[Python-ideas] PEP 550 v2

Sat Aug 19 15:09:30 EDT 2017

Cool to see this on python-ideas.  I'm really looking forward to this PEP 
550 or 521.

On Wednesday, August 16, 2017 at 3:19:29 AM UTC-4, Nathaniel Smith wrote:
>
> On Tue, Aug 15, 2017 at 4:55 PM, Yury Selivanov <yseliv... at gmail.com 
> <javascript:>> wrote: 
> > Hi, 
> > 
> > Here's the PEP 550 version 2. 
>
> Awesome! 
>
> Some of the changes from v1 to v2 might be a bit confusing -- in 
> particular the thing where ExecutionContext is now a stack of 
> LocalContext objects instead of just being a mapping. So here's the 
> big picture as I understand it: 
>
> In discussions on the mailing list and off-line, we realized that the 
> main reason people use "thread locals" is to implement fake dynamic 
> scoping. Of course, generators/async/await mean that currently it's 
> impossible to *really* fake dynamic scoping in Python -- that's what 
> PEP 550 is trying to fix. So PEP 550 v1 essentially added "generator 
> locals" as a refinement of "thread locals". But... it turns out that 
> "generator locals" aren't enough to properly implement dynamic scoping 
> either! So the goal in PEP 550 v2 is to provide semantics strong 
> enough to *really* get this right. 
>
> I wrote up some notes on what I mean by dynamic scoping, and why 
> neither thread-locals nor generator-locals can fake it: 
>
>     
> https://github.com/njsmith/pep-550-notes/blob/master/dynamic-scope.ipynb 
>
> > Specification 
> > ============= 
> > 
> > Execution Context is a mechanism of storing and accessing data specific 
> > to a logical thread of execution.  We consider OS threads, 
> > generators, and chains of coroutines (such as ``asyncio.Task``) 
> > to be variants of a logical thread. 
> > 
> > In this specification, we will use the following terminology: 
> > 
> > * **Local Context**, or LC, is a key/value mapping that stores the 
> >   context of a logical thread. 
>
> If you're more familiar with dynamic scoping, then you can think of an 
> LC as a single dynamic scope... 
>
> > * **Execution Context**, or EC, is an OS-thread-specific dynamic 
> >   stack of Local Contexts. 
>
> ...and an EC as a stack of scopes.
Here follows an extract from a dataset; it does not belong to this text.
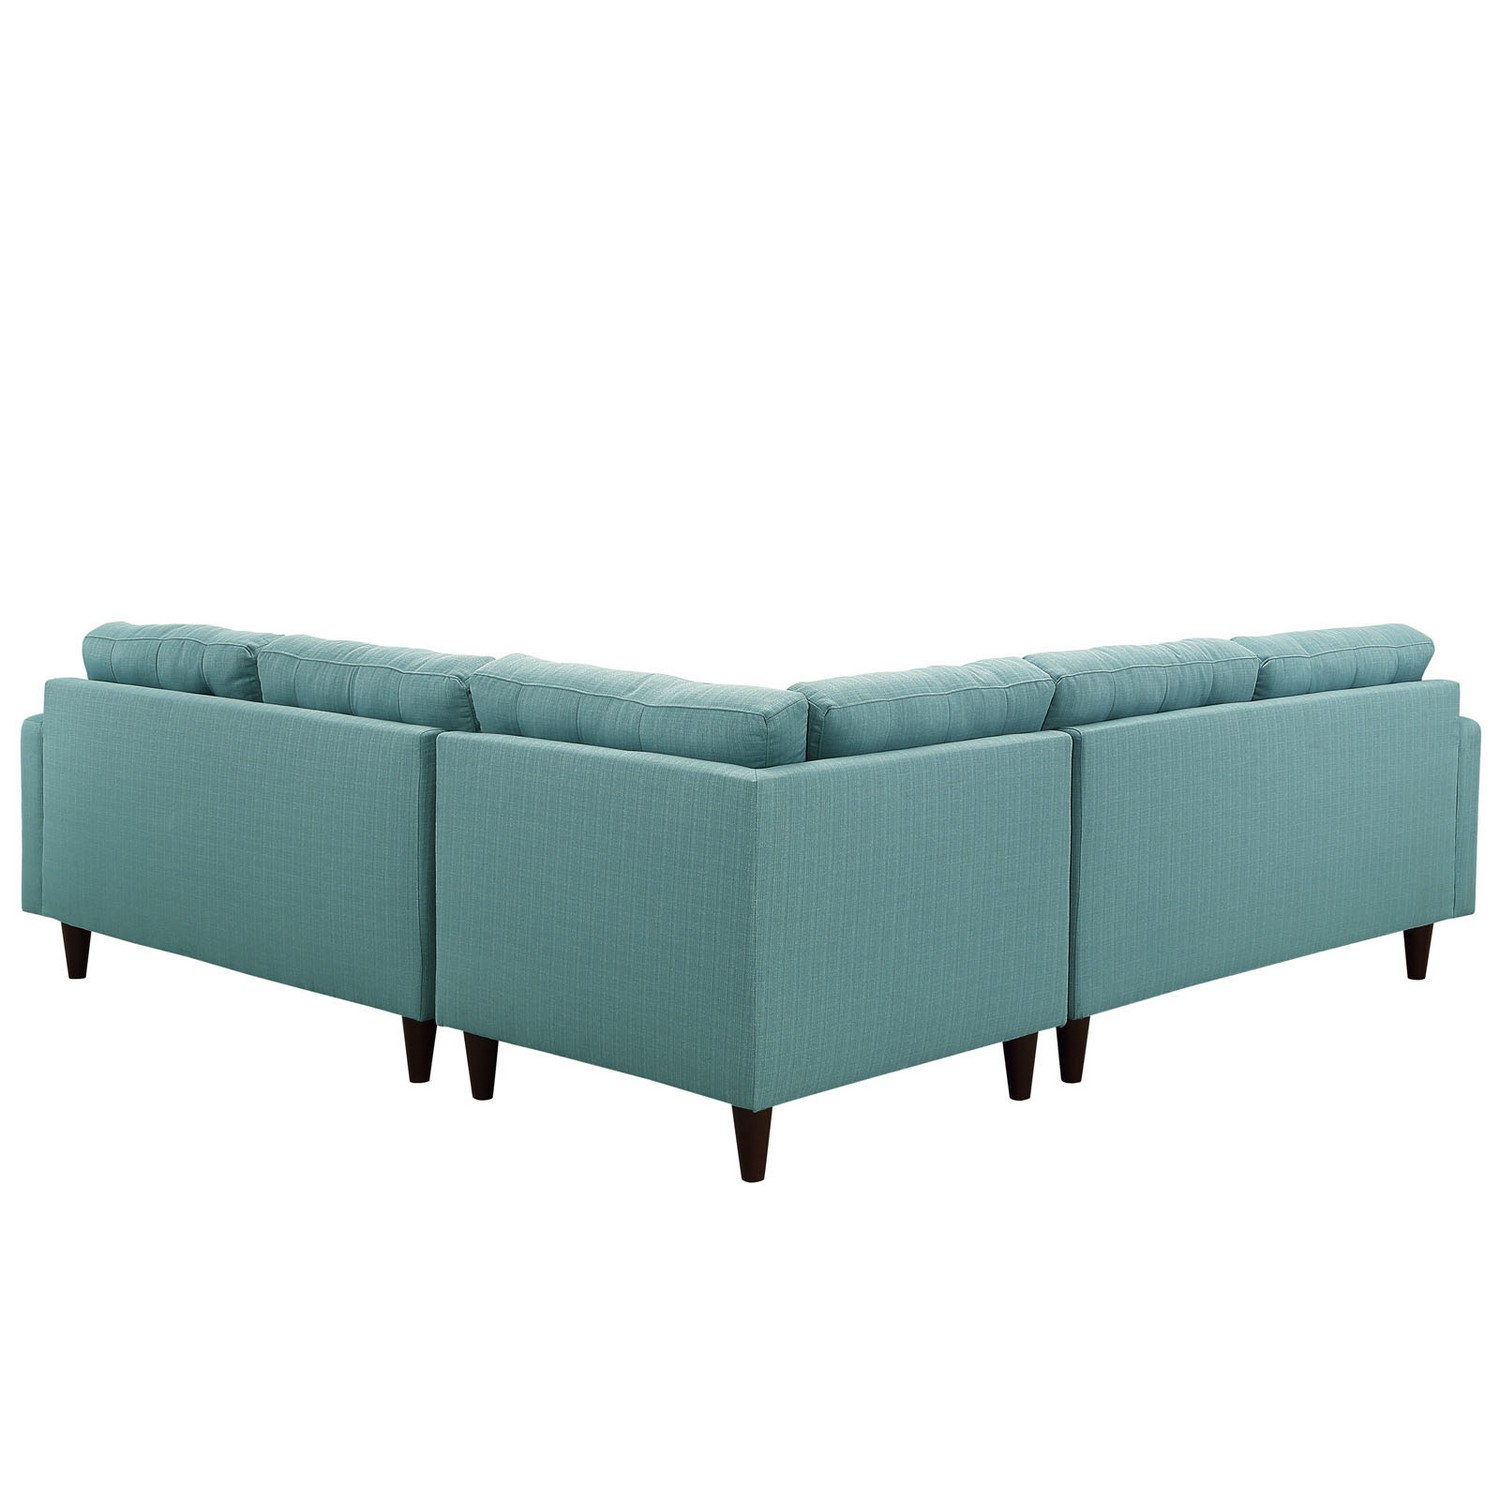 Modway Empress 3 Piece Fabric Sectional Sofa Set - Laguna

Looking up a ContextItem in an EC 
> proceeds by checking the first LC (innermost scope), then if it 
> doesn't find what it's looking for it checks the second LC (the 
> next-innermost scope), etc. 
>
> > ``ContextItem`` objects have the following methods and attributes: 
> > 
> > * ``.description``: read-only description; 
> > 
> > * ``.set(o)`` method: set the value to ``o`` for the context item 
> >   in the execution context. 
> > 
> > * ``.get()`` method: return the current EC value for the context item. 
> >   Context items are initialized with ``None`` when created, so 
> >   this method call never fails. 
>
> Two issues here, that both require some expansion of this API to 
> reveal a *bit* more information about the EC structure. 
>
> 1) For trio's cancel scope use case I described in the last, I 
> actually need some way to read out all the values on the LocalContext 
> stack. (It would also be helpful if there were some fast way to check 
> the depth of the ExecutionContext stack -- or at least tell whether 
> it's 1 deep or more-than-1 deep. I know that any cancel scopes that 
> are in the bottommost LC will always be attached to the given Task, so 
> I can set up the scope->task mapping once and re-use it indefinitely. 
> OTOH for scopes that are stored in higher LCs, I have to check at 
> every yield whether they're currently in effect. And I want to 
> minimize the per-yield workload as much as possible.) 
>
> 2) For classic decimal.localcontext context managers, the idea is 
> still that you save/restore the value, so that you can nest multiple 
> context managers without having to push/pop LCs all the time. But the 
> above API is not actually sufficient to implement a proper 
> save/restore, for a subtle reason: if you do 
>
> ci.set(ci.get()) 
>
> then you just (potentially) moved the value from a lower LC up to the top 
> LC. 
>

I agree with Nathaniel that this is an issue with the current API.  I don't 
think it's a good idea to have set and get methods.  It would be much 
better to reflect the underlying ExecutionContext *stack* in the API by 
exposing a mutating *context manager* on the Context Key object instead of 
set.  For example,

my_context = sys.new_context_key('my_context')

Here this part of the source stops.